Ronald Faria

Personal information
- Full name: Ronald Augustus Faria
- Born: 2 August 1944 Trinidad
- Died: 28 September 2024 (aged 80)
- Batting: Left-handed
- Bowling: Right-arm medium
- Role: Batsman, occasional wicket-keeper

Domestic team information
- 1967/68–1978/79: North Trinidad
- 1968/69–1976/77: Trinidad and Tobago

Career statistics
| Competition | First-class | List A |
| Matches | 52 | 6 |
| Runs scored | 2,084 | 156 |
| Batting average | 26.71 | 26.00 |
| 100s/50s | 1/11 | 0/1 |
| Top score | 110* | 52 |
| Balls bowled | 102 | 0 |
| Wickets | 3 | – |
| Bowling average | 13.66 | – |
| 5 wickets in innings | 0 | – |
| 10 wickets in match | 0 | – |
| Best bowling | 2/6 | – |
| Catches/stumpings | 58/6 | 0/0 |
- Source: Cricinfo, 29 April 2026

= Ronald Faria =

Trinidadian cricketer (1944–2024)

Ronald Augustus Faria (2 August 1944 – 28 September 2024) was a Trinidadian cricketer.
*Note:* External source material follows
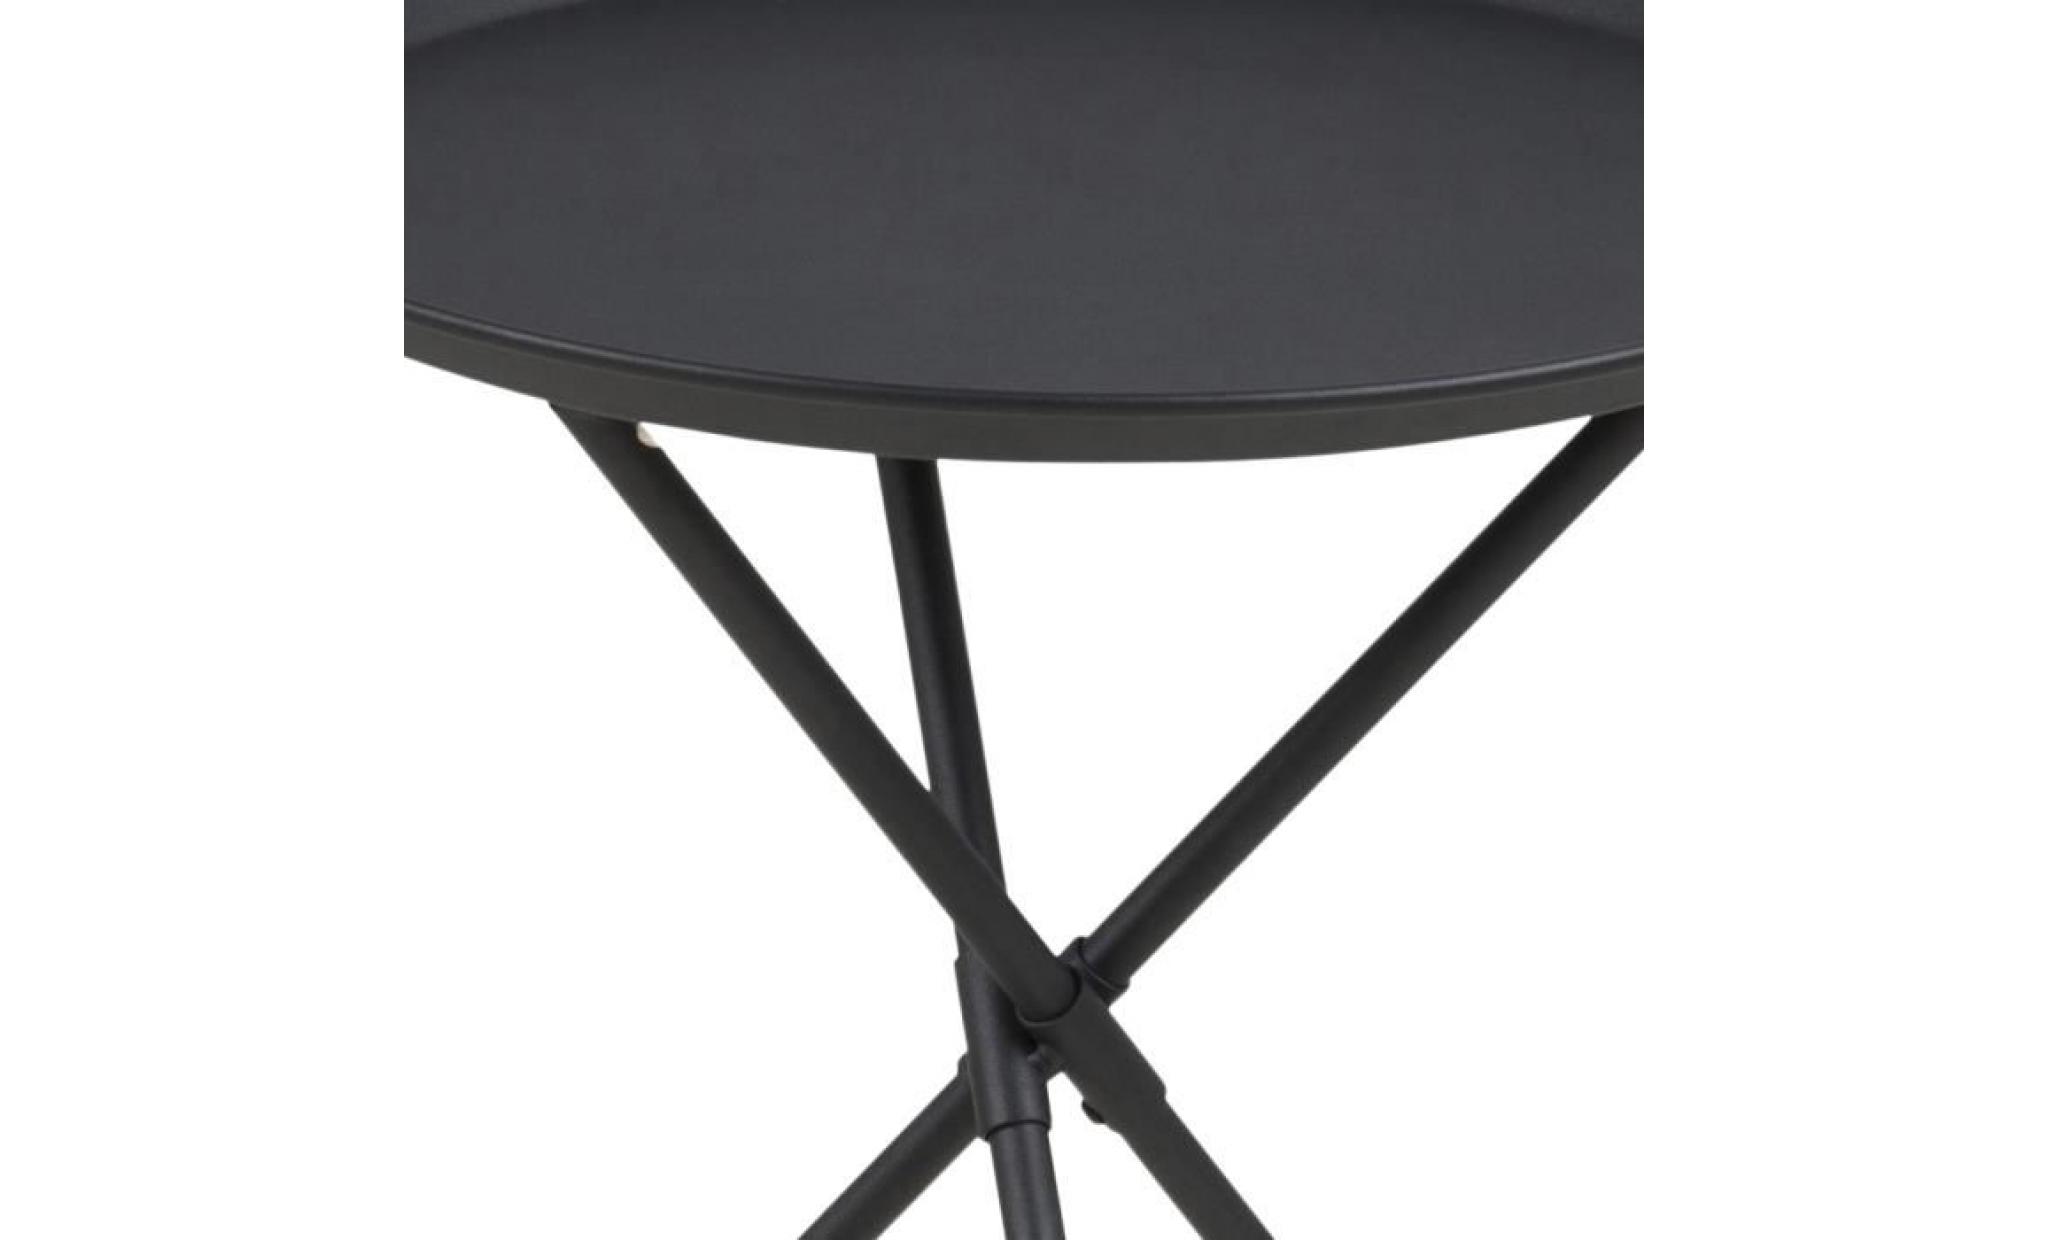 table basse / table d’appoint   sparky   38,5 cm   blanc   métal revêtu de poudre   style scandinave   style industriel pas cher

He played in 52 first-class and 6 List A matches, mostly for Trinidad and Tobago, from 1967 to 1979.

Faria was an opening batsman who also sometimes kept wicket. His highest first-class score was 110 not out in his last match, when he captained North and East Trinidad against South and Central Trinidad in the 1978–79 Beaumont Cup.